=== Given material ===
■ ■ ■ ■

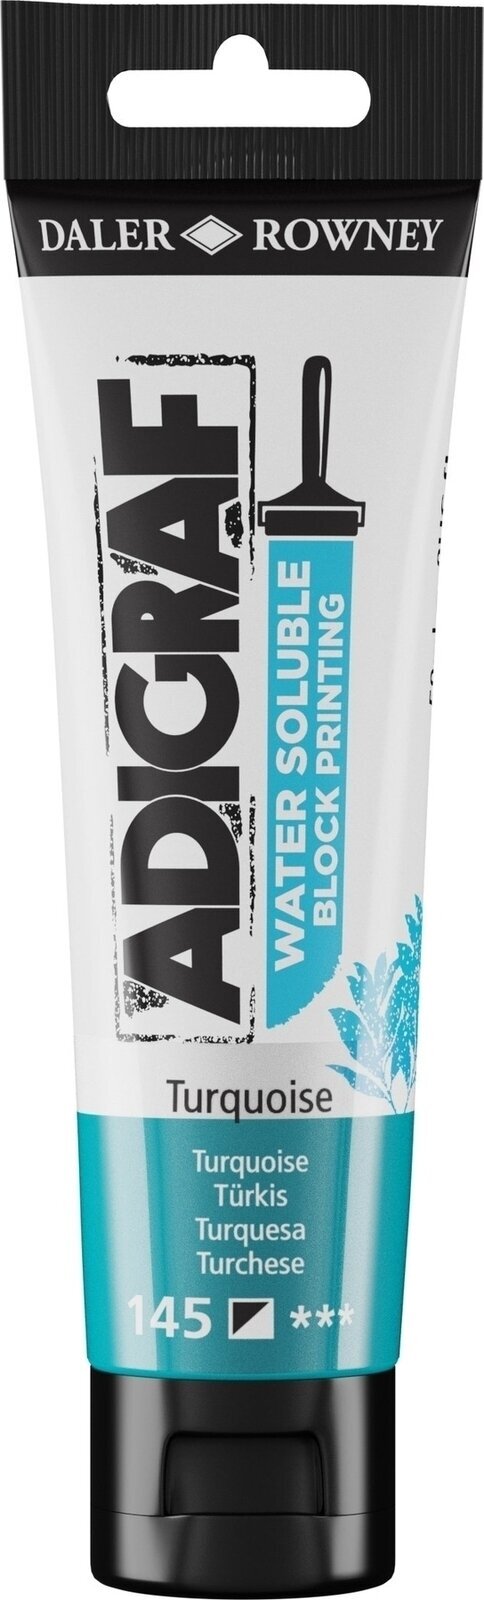 Boja za linorez Daler Rowney Adigraf Block Printing Water Soluble Colour Boja za linorez Turquoise 59 ml
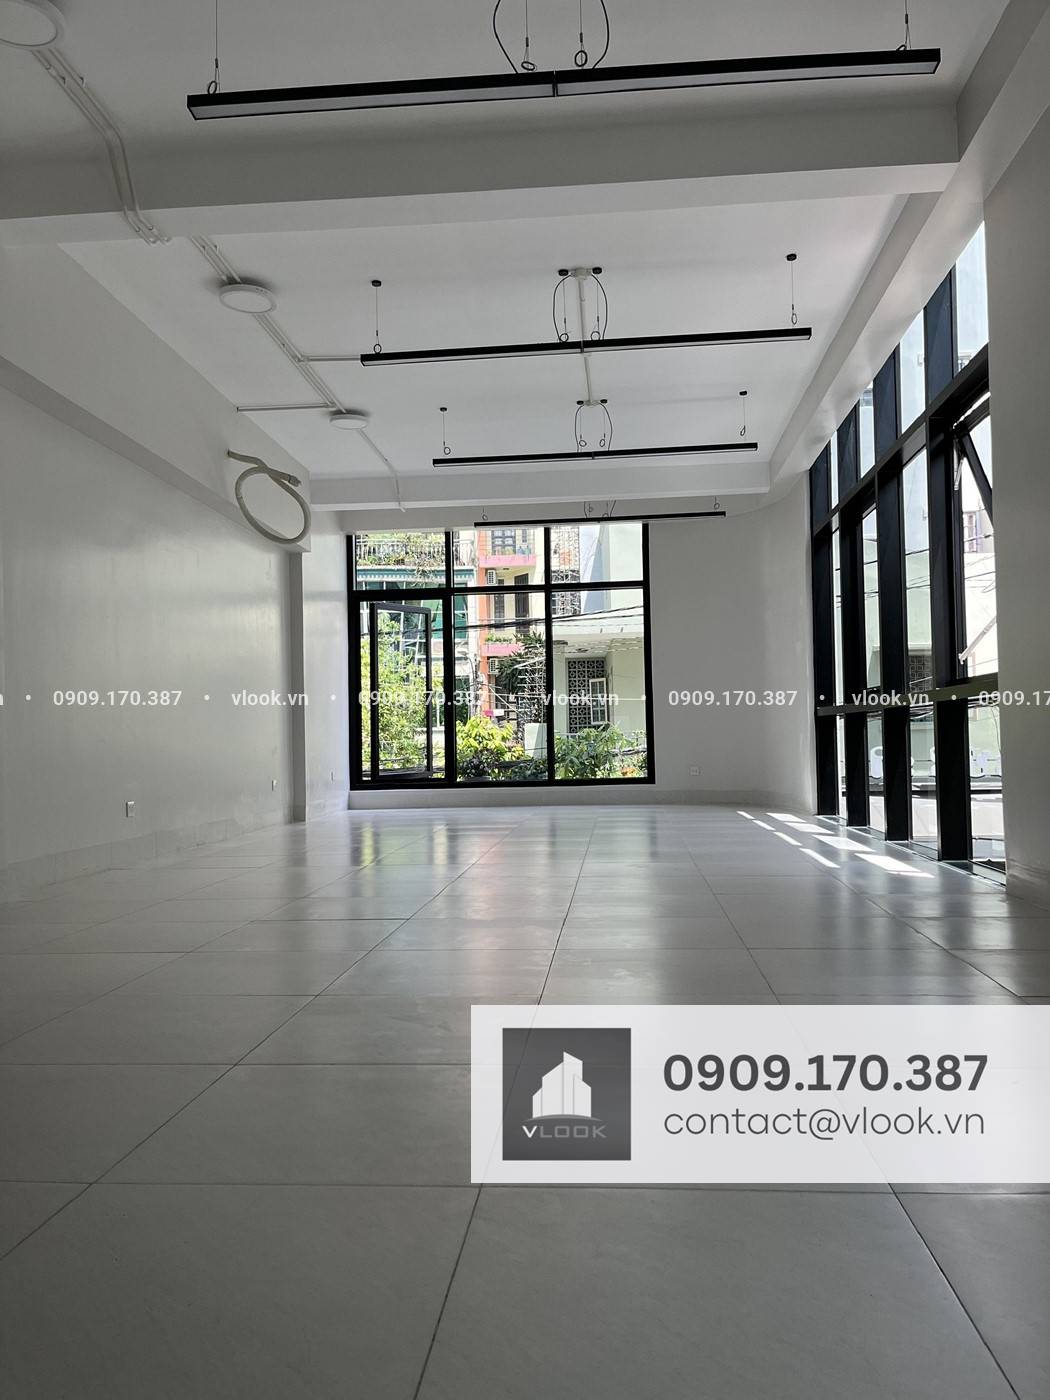 Cao ốc văn phòng cho thuê tòa nhà 12/18 Đào Duy Anh, Phường 9, Quận Phú Nhuận, TPHCM - vlook.vn - 0909 170 387
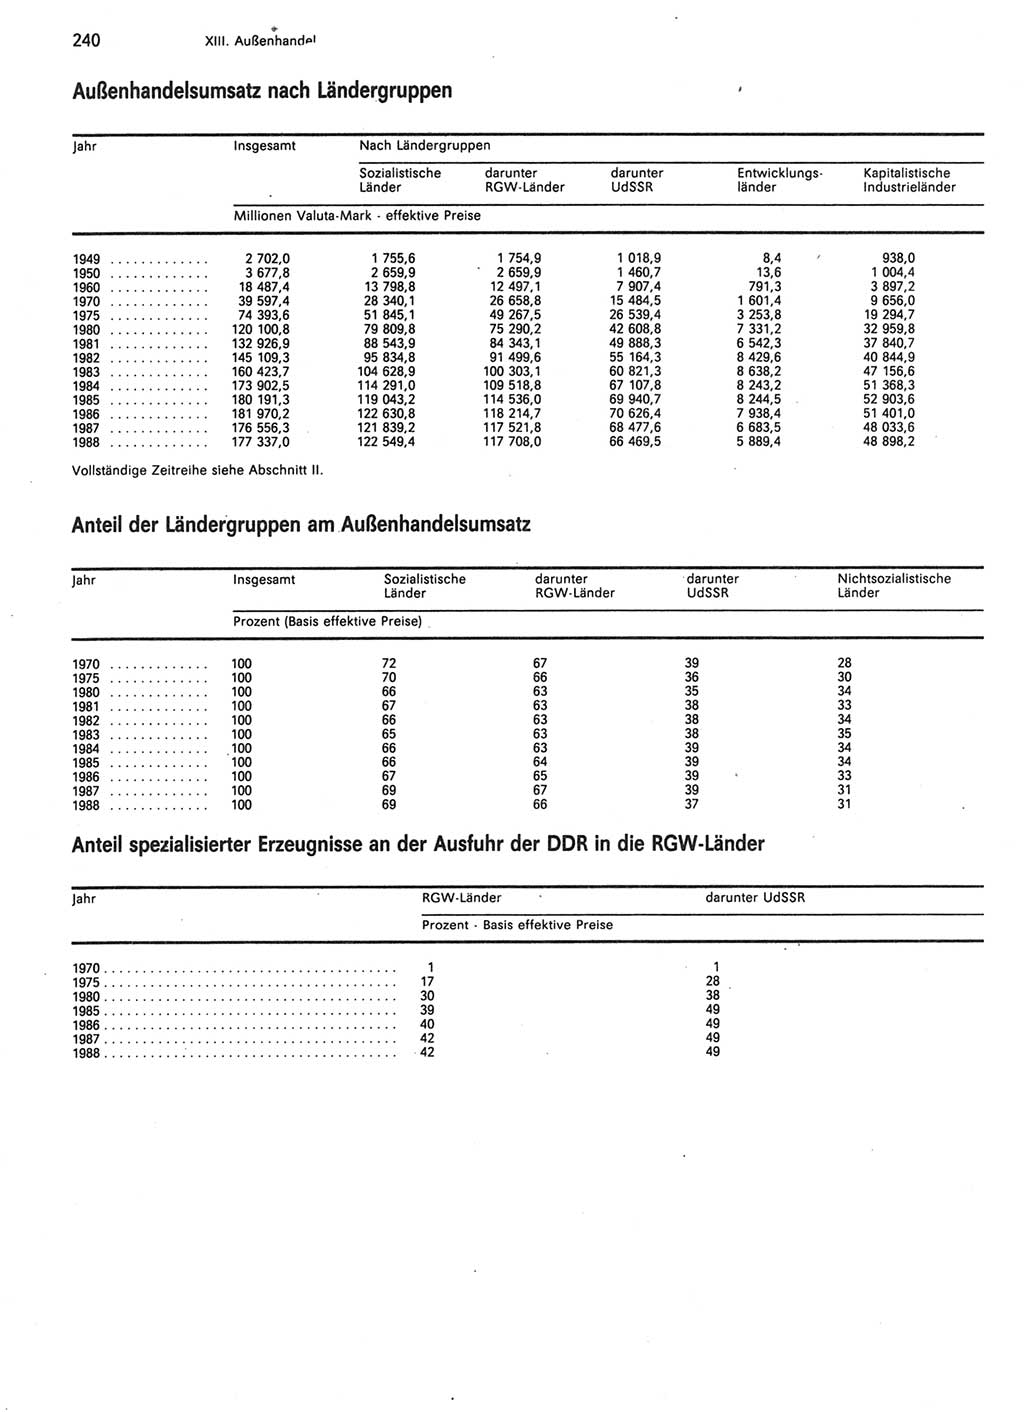 Statistisches Jahrbuch der Deutschen Demokratischen Republik (DDR) 1989, Seite 240 (Stat. Jb. DDR 1989, S. 240)

■ ■ ■ ■

=== Exercise directions ===
In full and without change, repeat the material above, minus the pictures.

=== Answer to this problem ===
 Boja za linorez Daler Rowney Adigraf Block Printing Water Soluble Colour Boja za linorez Turquoise 59 ml
 Cao ốc văn phòng cho thuê tòa nhà 12/18 Đào Duy Anh, Phường 9, Quận Phú Nhuận, TPHCM - vlook.vn - 0909 170 387
 Statistisches Jahrbuch der Deutschen Demokratischen Republik (DDR) 1989, Seite 240 (Stat. Jb. DDR 1989, S. 240)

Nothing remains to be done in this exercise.